START Extracted entries

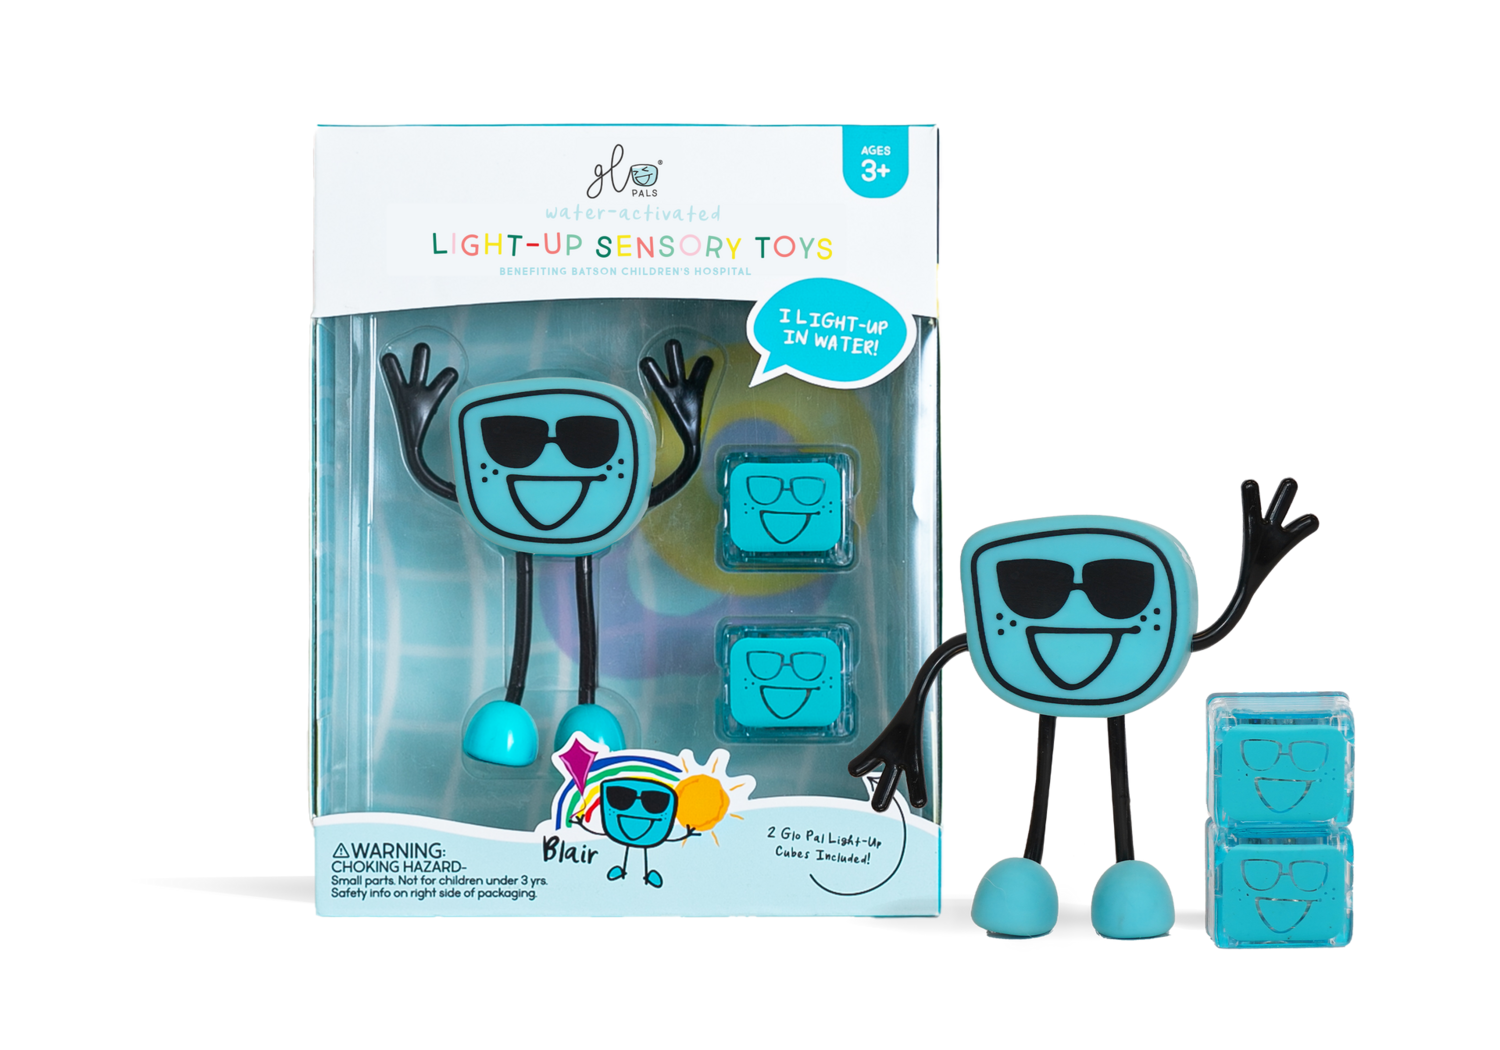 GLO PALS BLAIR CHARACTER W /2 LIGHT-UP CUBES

END Extracted entries
START Extracted entries

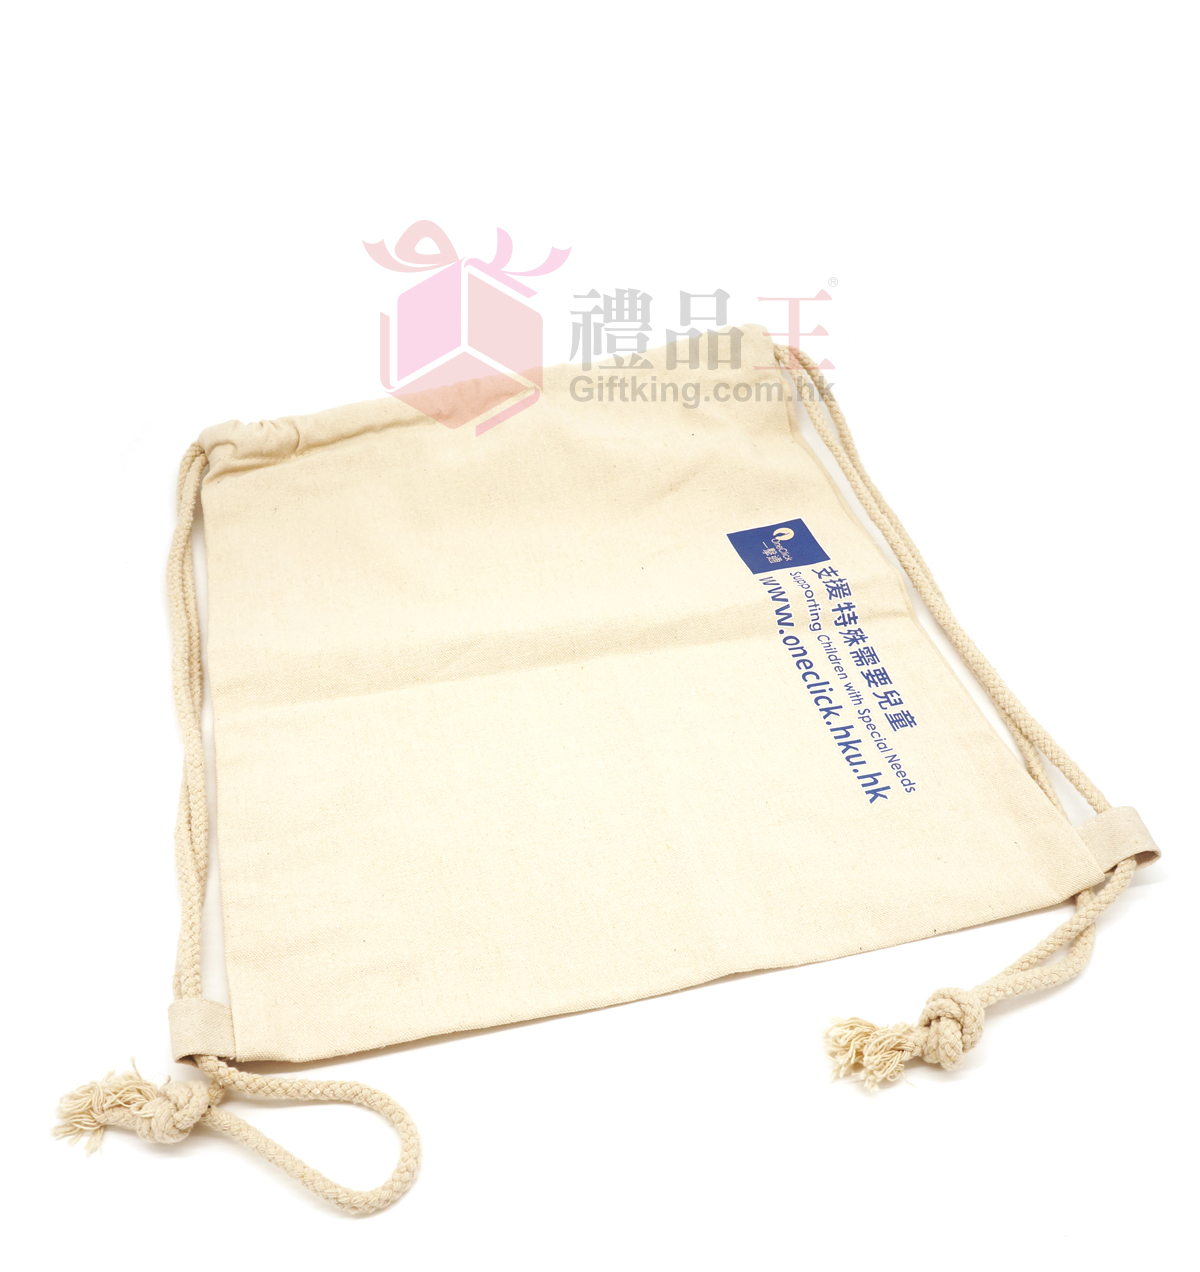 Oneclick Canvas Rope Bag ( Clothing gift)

END Extracted entries
START Extracted entries

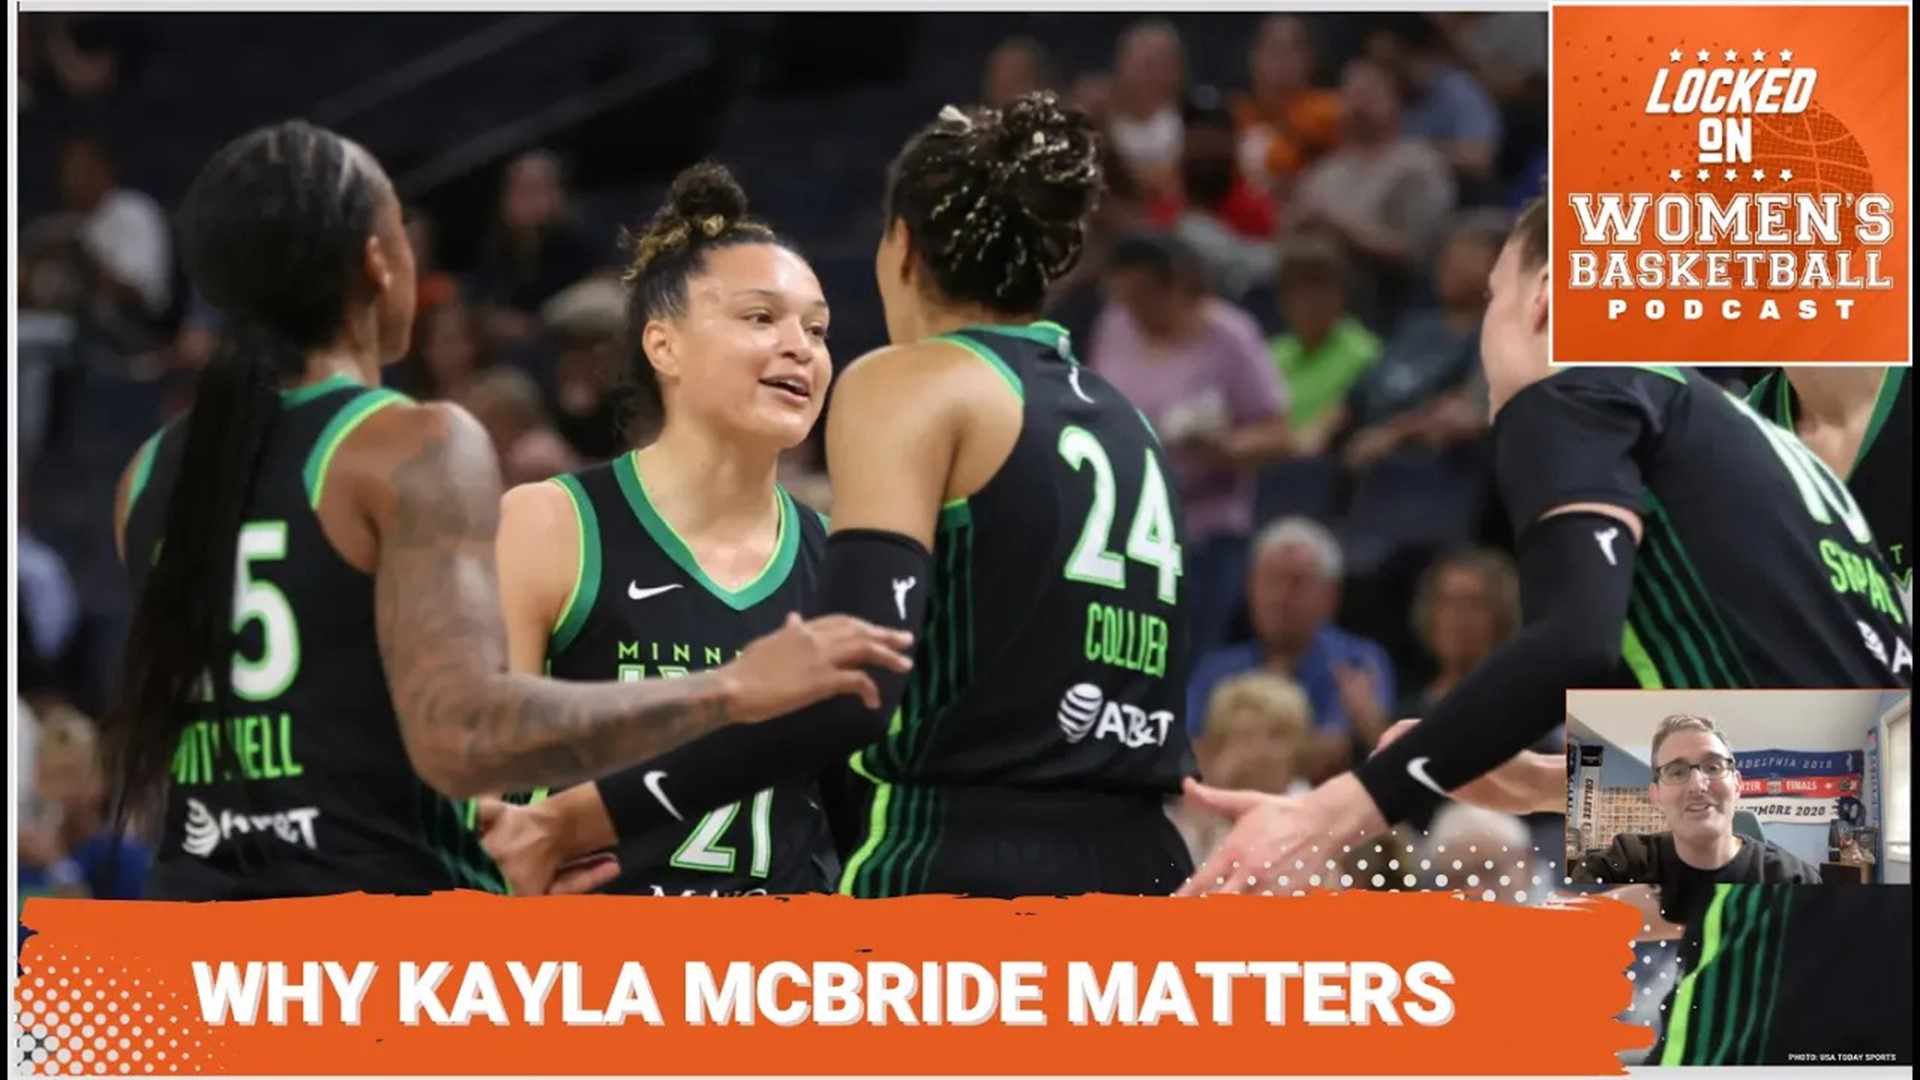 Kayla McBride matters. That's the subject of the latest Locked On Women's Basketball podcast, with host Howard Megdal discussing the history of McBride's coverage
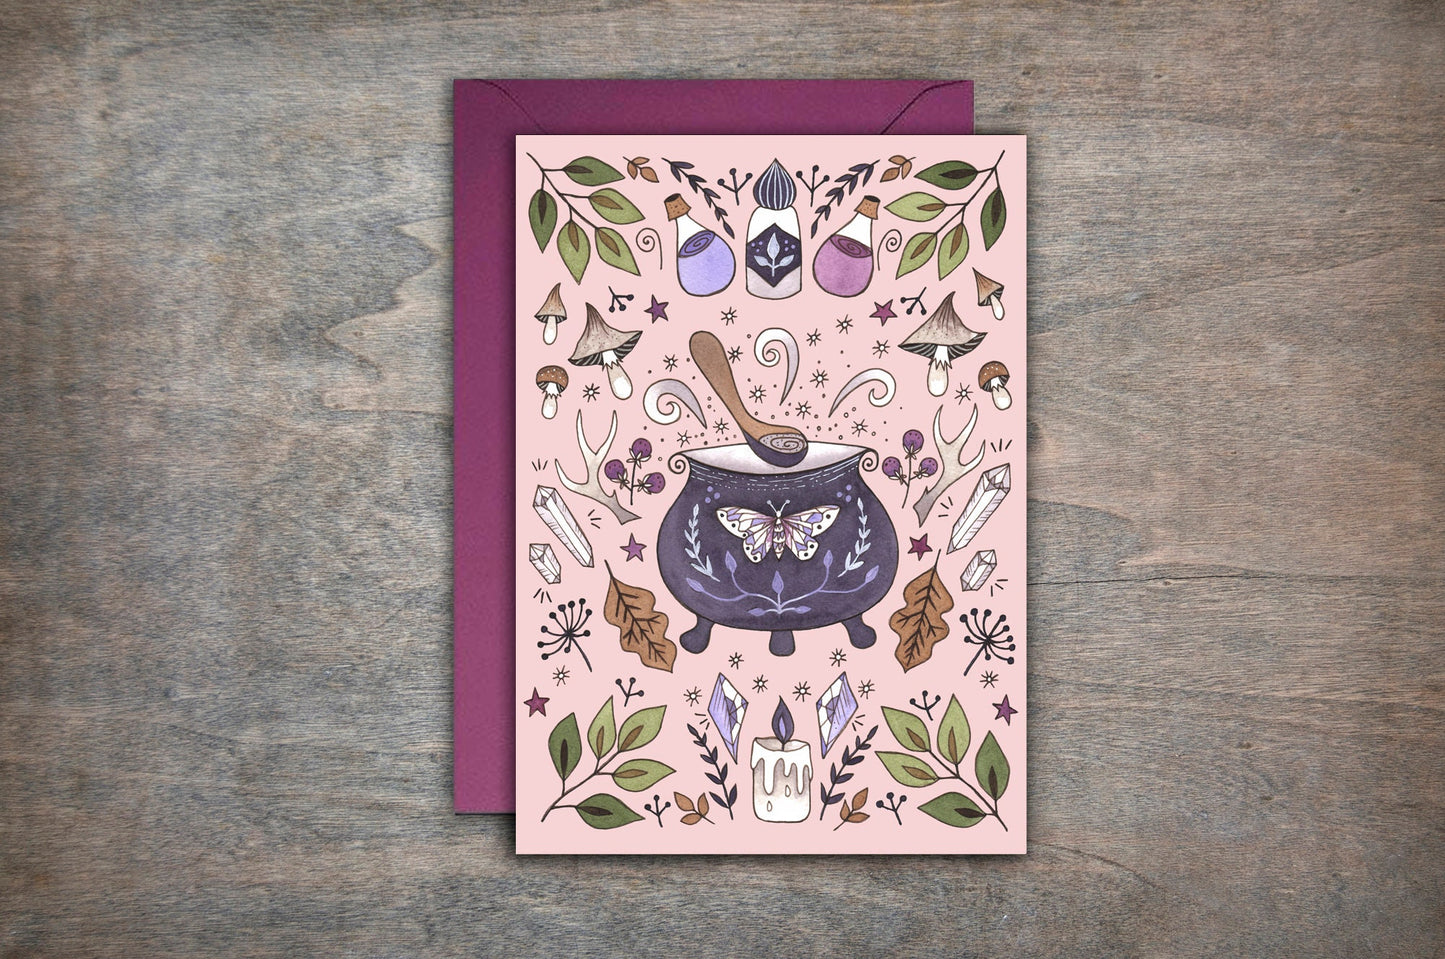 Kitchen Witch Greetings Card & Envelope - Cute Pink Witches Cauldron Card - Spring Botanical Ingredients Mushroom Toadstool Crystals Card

END Extracted entries

== What this task involves ==
All pictures are to be skipped. Output, word for word, the lines in the data above starting at the line containing "Kayla McBride matters." and ending at the line containing "Kitchen Witch Greetings".

== Problem solution ==
 Kayla McBride matters. That's the subject of the latest Locked On Women's Basketball podcast, with host Howard Megdal discussing the history of McBride's coverage
 Kitchen Witch Greetings Card & Envelope - Cute Pink Witches Cauldron Card - Spring Botanical Ingredients Mushroom Toadstool Crystals Card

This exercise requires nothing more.